I had an idea of offloading the translation, rotation and scaling to the GPU via shader, but even though that eliminated a sin() and a cos() per sprite, the transformation data needed to be duplicated per sprite. Ouch. The increased memory usage pretty much made me end up at equal or worse performance than Cas’ one, so I dropped that idea.

There is an ultimate solution, which just like instancing requires OpenGL 3. It offloads everything to the GPU with the help of a geometry shader. We just have to give the data needed to construct the sprite as a point to the GPU, and then expand it to a quad in the geometry shader.

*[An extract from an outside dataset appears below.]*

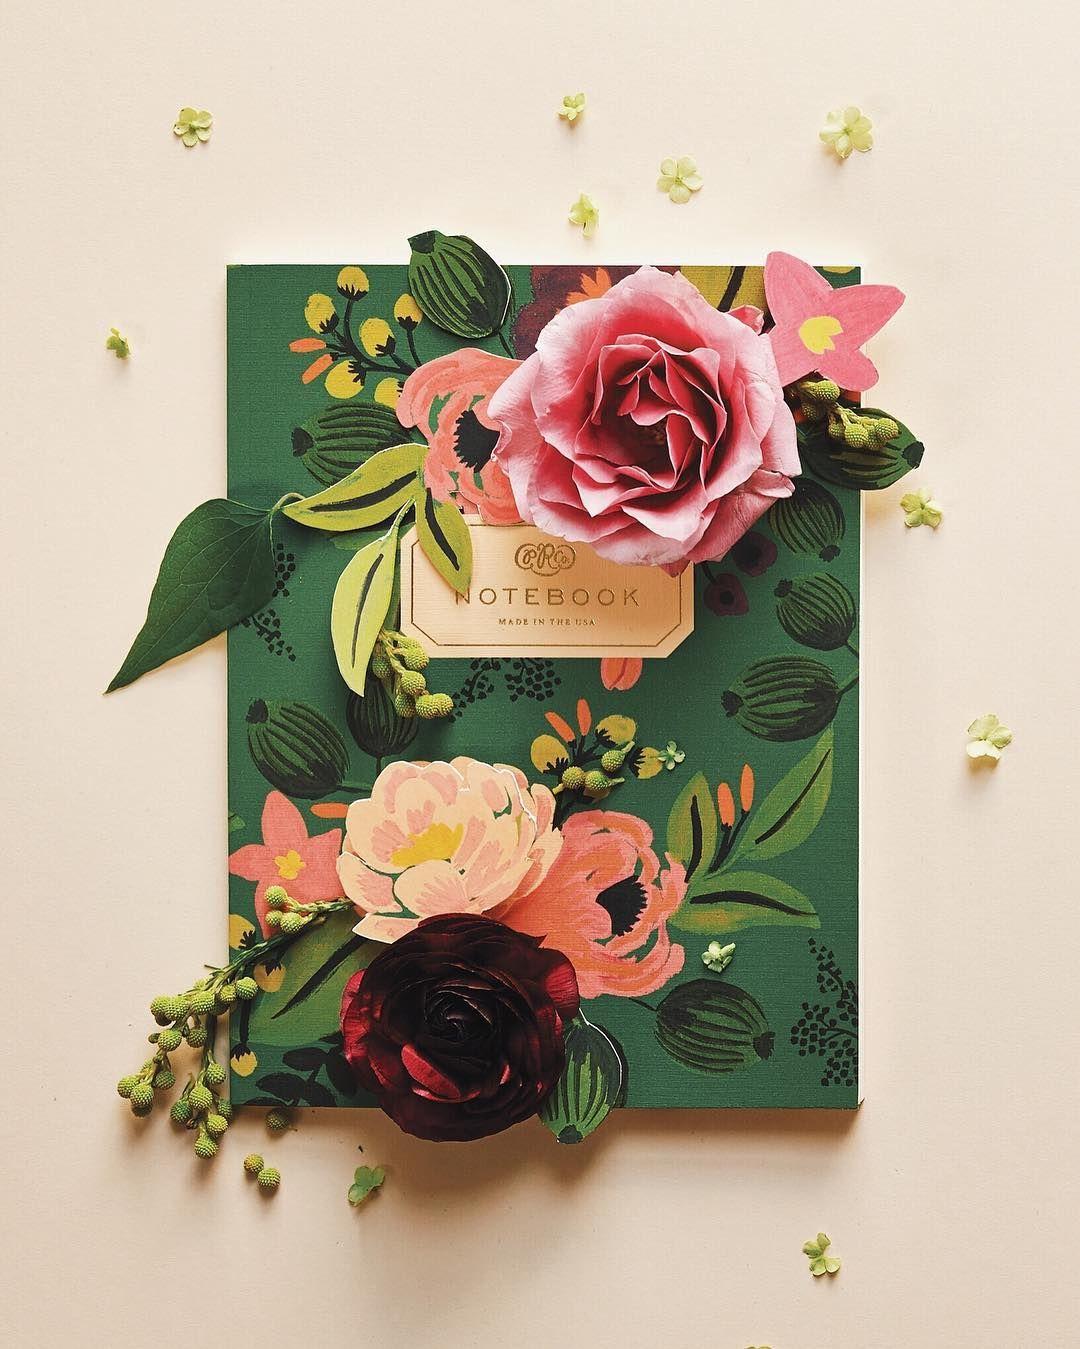 anna rifle bond notebook pink roses and garden inspiration

Since every sprite is sent as a single vertex we won’t need to duplicate the data, and we won’t need to do anything on the CPU except for loading up the buffer. You might have heard that geometry shaders are slow when abused, but this is the main usage of them. Since you’re pretty much always CPU limited in 2D games anyway, offloading stuff to the GPU is the right thing to do.

sproingie · June 4, 2012, 4:03am

Am I the only one who thinks there’s also a theagentf, theagenti, and theagentb?

;D

ra4king · June 4, 2012, 8:48am

Nah there’s only theagentd, he needs as much precision as possible! ;D

theagentd · June 4, 2012, 1:03pm

This is the most epic thing I’ve ever read on this forum. Heck, maybe on the whole Internet. I thank thee for this laugh.

davedes · June 5, 2012, 3:38am

[quote=“theagentd,post:9,topic:38999”]
Last time I tested this it seemed to work well. Any real downsides to choosing this, other than the obvious shape limitation? (no polys) It seems to be exposed through extension even on older cards (MacOSX list), and works on all the computers I’ve tested.

theagentd · June 5, 2012, 6:16am

[quote=“davedes,post:13,topic:38999”]

The only real down side is the hardware requirements and possibly the inflexibility of it. Due to this you pretty much need to custom make your sprite renderer for the requirements of your own game but that’s about it.